Findings from the Hospital Consumer Assessment of Healthcare Providers and Systems, the first standardized survey of hospital patients, will be posted on Hospital Compare, enabling comparisons between facilities based on patients' perspectives. The survey includes questions about the communication skills of physicians and nurses, pain control, and the quality of discharge instructions. Hospitals that do not report the results of the 27-question survey stand to lose 2 percent of their Medicare reimbursement.

AHRQ Report: Health Care Quality Improvements Slowed, Costs Increased
Health care costs are rising at a faster rate than that of quality improvement nationwide, according to the fifth annual National Healthcare Quality Report, released by the Agency for Healthcare Research and Quality (AHRQ) early this month.

The report found a modest improvement in quality from 1994 to 2005, on average about 2.3 percent each year.
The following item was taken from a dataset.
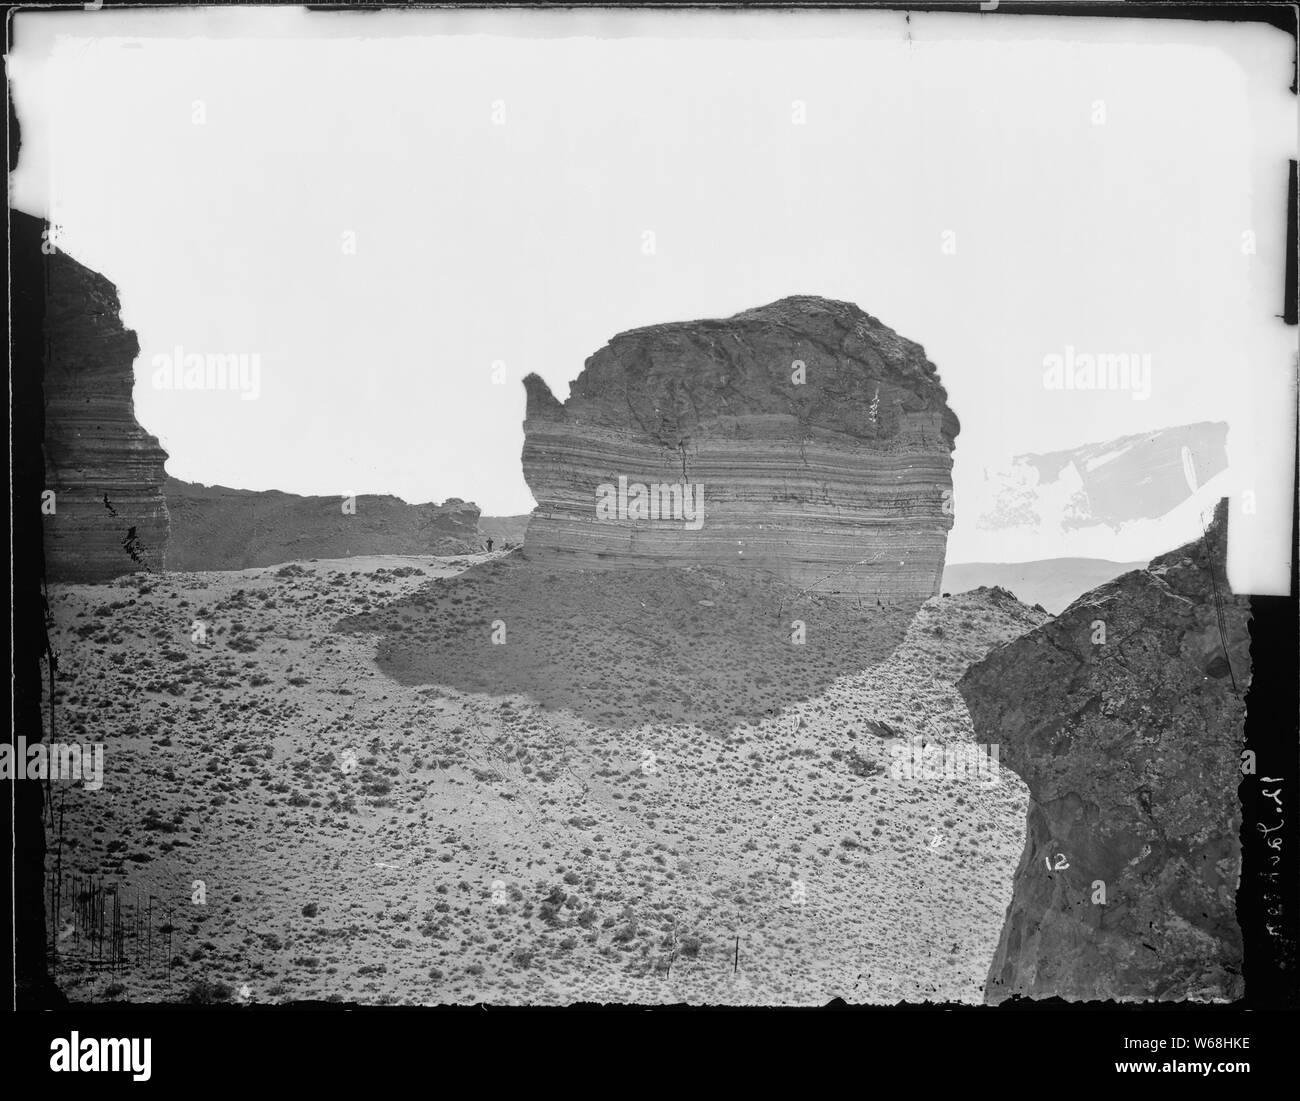 Teekanne Rock, in der Nähe von Green River Station. Sweetwater County, Wyoming. Kleine Abbildung des Menschen am Fuß des Auswurfkrümmers gibt einen Hinweis auf die Größe des Rock. Stockfoto

This rate has slowed from an average of 3.1 percent annual improvement documented from 1994 to 2004. (AHRQ is mandated by Congress to track U.S. health system performance on 41 measures of the effectiveness, timeliness, safety, and patient-centeredness of care.) In comparison, health care expenditures rose by an average rate of 6.7 percent per year from 1994 to 2005.

Still, the report identified several areas of improvement in quality. For example, more than 93 percent of hospitalized heart attack patients received recommended care in 2005, up from about 77 percent in 2000–2001. The percent of heart attack patients who were counseled to quit smoking also increased, from 43 percent in 2000–2001 to about 91 percent in 2005.

A companion report on health care disparities related to race, ethnicity, and income found some evidence of progress. However, black children are still 3.8 times more likely than white children to be hospitalized for asthma, and new AIDS cases are 3.5 times more common among Hispanics than whites.

Survey: Health Data Exchange Tops States' Priorities
Most states are promoting the use of health information technology (HIT) in both the public and private sectors as a way to improve the quality and efficiency of care, according to the results of a new survey.

Jointly sponsored by The Commonwealth Fund, National Governors Association, and Health Management Associates, the survey asked states about their current HIT activities, the challenges they have faced, and opportunities for further development.

According to the survey, state governors' two highest priorities for the next two years are the development of electronic health information exchanges and the creation of policies fostering such exchanges, to ensure interconnectivity among health care providers. They cited funding as the biggest barrier to implementing these initiatives.

Michigan Hospitals Can Continue Using Infection-Control Checklist
Last month, the U.S. Department of Health and Human Service (HHS) Office for Human Research Protections (OHRP) announced that Michigan hospitals may continue using a checklist aimed at cutting the rate of catheter-related infections in intensive care units. Last year, OHRP had said that the use of the checklist—which reminds physicians to wash their hands and take other steps to avoid infections—should be subject to regulations governing human subjects research. Because the hospitals did not obtain written, informed consent from each patient and health care provider, the agency concluded that the quality improvement intervention violated the federal regulations.

In its February 15 announcement, OHRP stated that the regulations governing human subjects research apply only when institutions are planning research activities examining the effectiveness of interventions to improve the quality of care—not when they are implementing proven practices to improve the quality of care. In this case, the results of the intervention had already been published in a December 2006 New England Journal of Medicine article.

Noting that they do "not want to stand in the way of quality improvement activities that pose minimal risks to subjects," agency officials say that HHS will review its application of human subject research regulations to evidence-based quality improvement initiatives.